Carlsbad Desalination Plant Intake and Discharge Facility

Carlsbad Desalination Plant Intake and Discharge Facility
Creating a Resilient Water Supply Through Portfolio Diversification
For the last decade, the Claude “Bud” Lewis Carlsbad Desalination Plant has desalinated cooling tower blowdown from an adjacent power plant. The power plant’s shutdown forced Channelside Water Resources to develop a new intake structure.
The $200 million Desalination Plant Intake and Discharge Facility is a technologically advanced, environmentally sensitive seawater facility. It continues the plant’s 50 million gallon per day (MGD) production capacity to San Diego County Water Authority, serving 10% of San Diego’s potable water demand. It’s part of a multidecade strategy to diversify the county’s water supply and minimize drought vulnerability. As the lead designers, HDR’s engineers worked alongside the Kiewit-Shea Joint Venture to create a constructable project.

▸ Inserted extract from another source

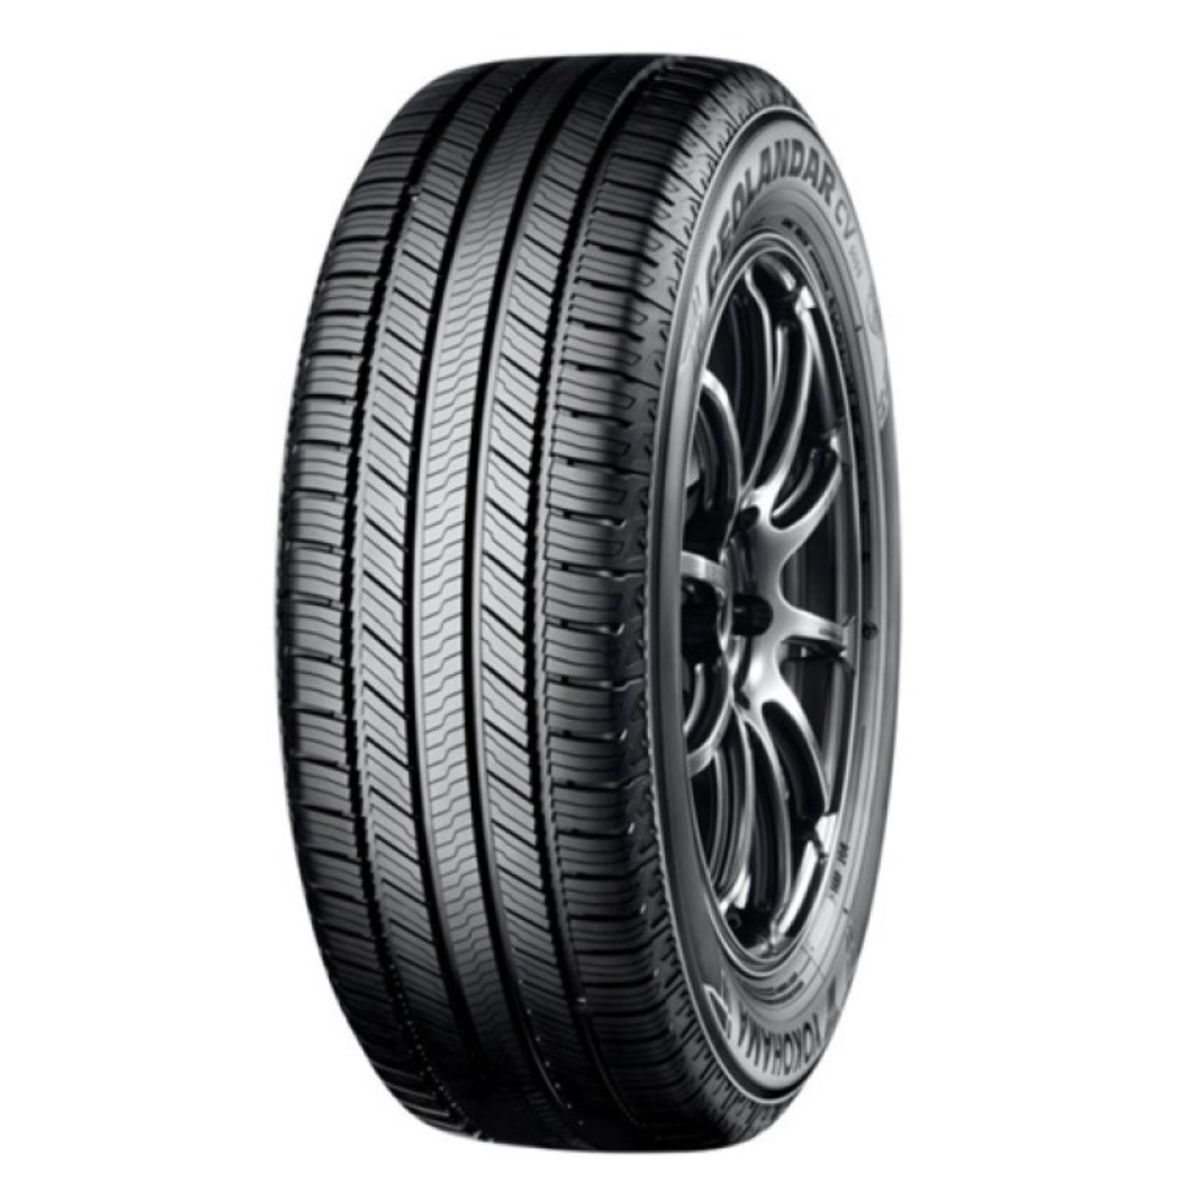 Neumáticos de verano YOKOHAMA Geolandar CV G058 225/50R18 95V
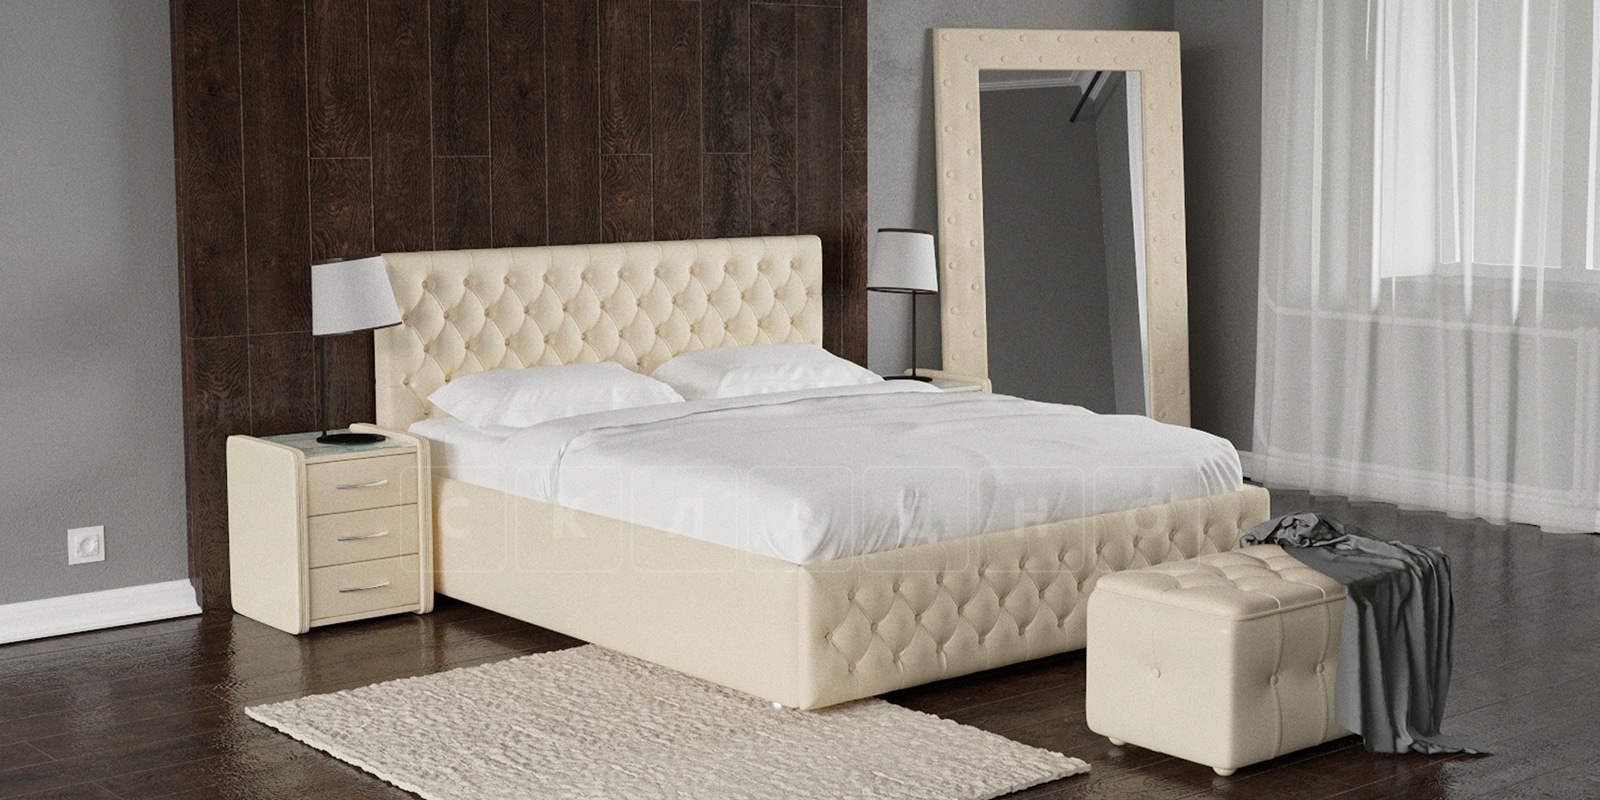 Мягкая кровать Малибу 160 см экокожа бежевого цвета вариант 4 фото 1 | интернет-магазин Складно

The system’s dual-flow screens improve sustainability, maintain lagoon productivity and comply with California’s Ocean Plan Amendment. To implement the system, the team’s complex computational fluid dynamics modeling and collaborative, multi-phased design-build approach allowed ongoing plant operations during construction.
The new intake weathers tidal fluctuations, sea level rise, tsunamis, earthquakes and poor, highly liquefiable soil. The team overcame supply chain issues that pushed material delivery out a year and prioritized early construction packages to accommodate an expedited commissioning schedule.
Completed on budget and on schedule, the facility enhances the plant’s already glimmering status, making it one of the nation’s most environmentally sensitive plants while improving water reliability and climate resiliency.